Cobrindo pouco menos da metade da história contada no livro - e deixando de fora a segunda geração de personagens e dezoito capítulos -, o filme de William Wyler se beneficia do tom poético do roteiro (que um jovem John Huston se recusou a alterar quando solicitado, afirmando estar perfeito) e da esplêndida fotografia de Gregg Toland, premiada com o Oscar. Toland, que em pouco tempo seria consagrado pelo trabalho com Orson Welles em "Cidadão Kane" (1931), cria a atmosfera ideal para ilustrar a trágica e passional história de amor entre Catherine e Heathcliff, surgida ainda na infância e que se mantém, apesar do temperamento difícil de ambos - ela, uma moça mimada e voluntariosa e ele, um rapaz de origem misteriosa, adotado por seu pai e renegado por seu irmão.

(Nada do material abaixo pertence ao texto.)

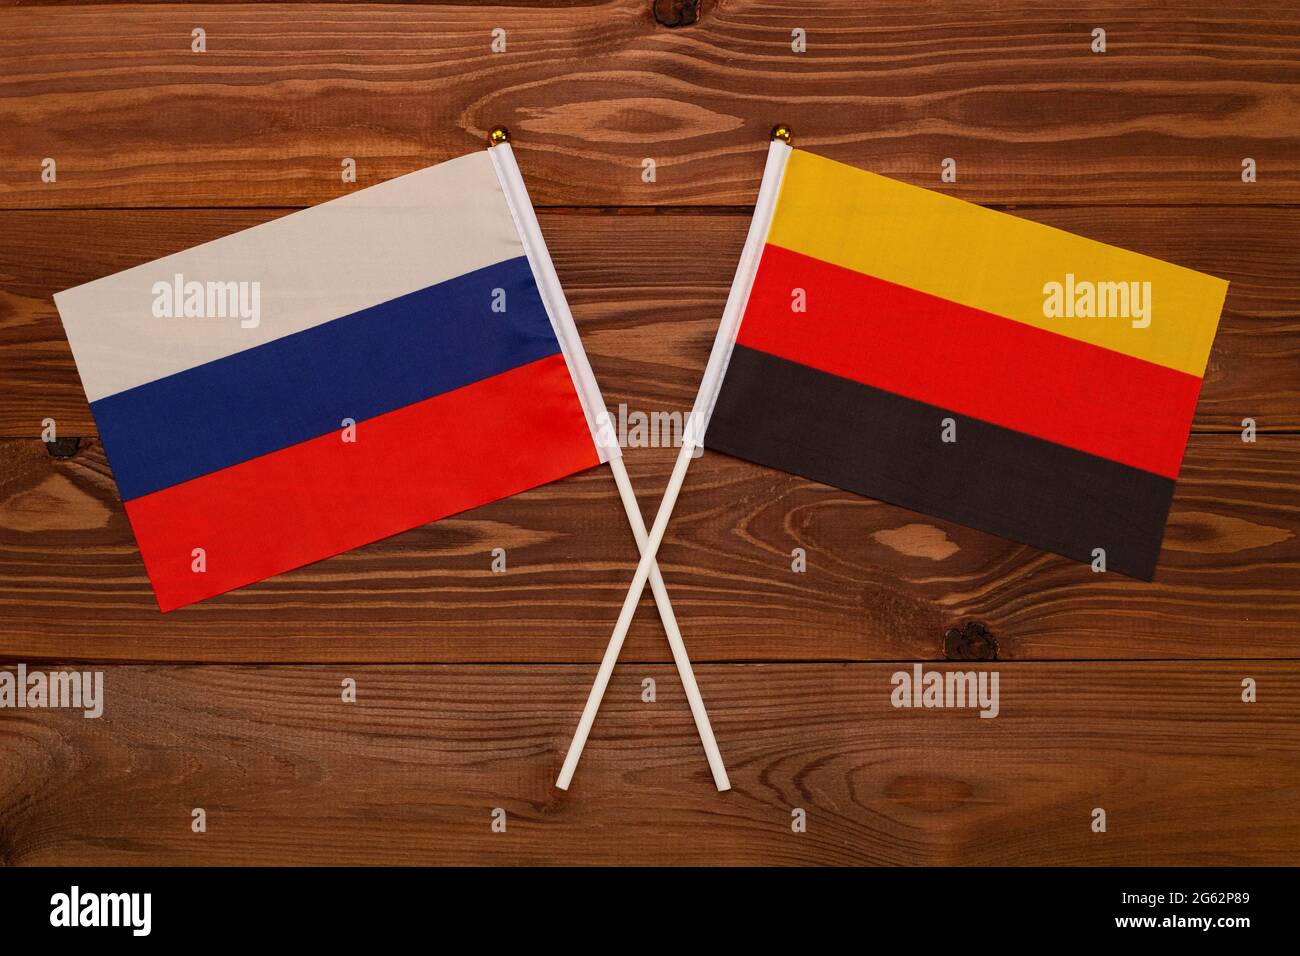 Flag of Russia and flag of Germany crossed with each other. The image illustrates the relationship between countries. Photography for video news on TV Stock Photo
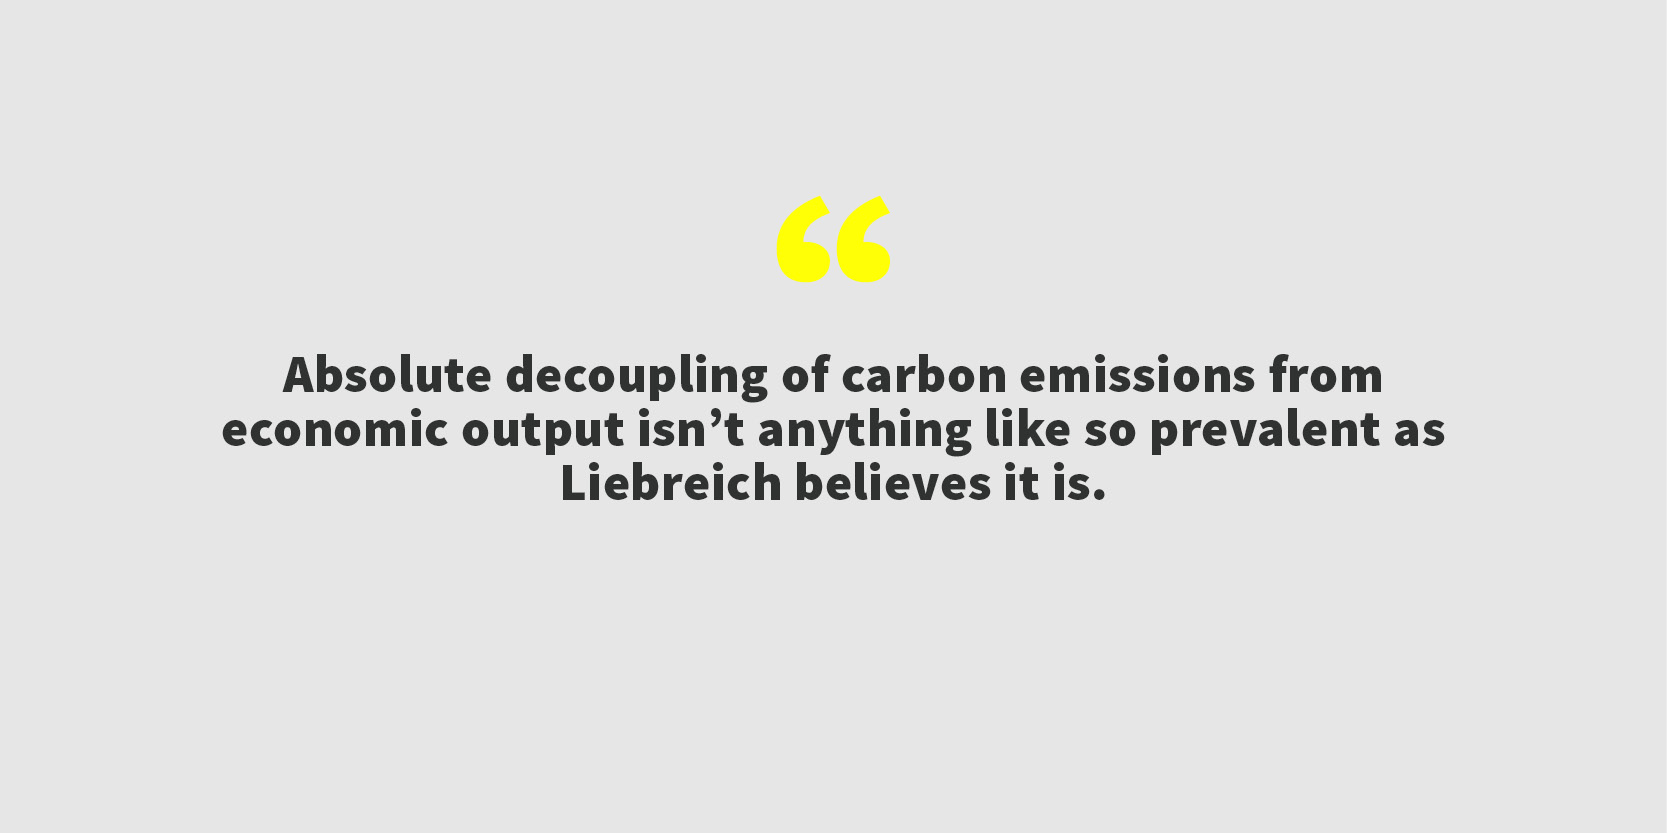 Absolute decoupling of carbon emissions from economic output, for example, isn’t anything like so prevalent as Liebreich believes it is.

Com elementos melodramáticos que incluem vingança, mortes trágicas, reconciliações e sobretudo uma paixão avassaladora, "O morro dos ventos uivantes" apresenta uma história poderosa contada com delicadeza e inteligência: Wyler evita o exagero e extrai interpretações memoráveis de Laurence Olivier e Merle Oberon, ela indicada ao Oscar de melhor atriz (que perdeu, ironicamente, para quem desejava seu papel, Vivien Leigh). O visual impresso por Toland, com tempestades, ventos e névoa, combina com perfeição com os sentimentos torturados dos personagens - e, apesar da opção por contar apenas metade da história, a produção de Samuel Goldwyn é justificadamente um clássico, digno de figurar entre os grandes filmes de sua época.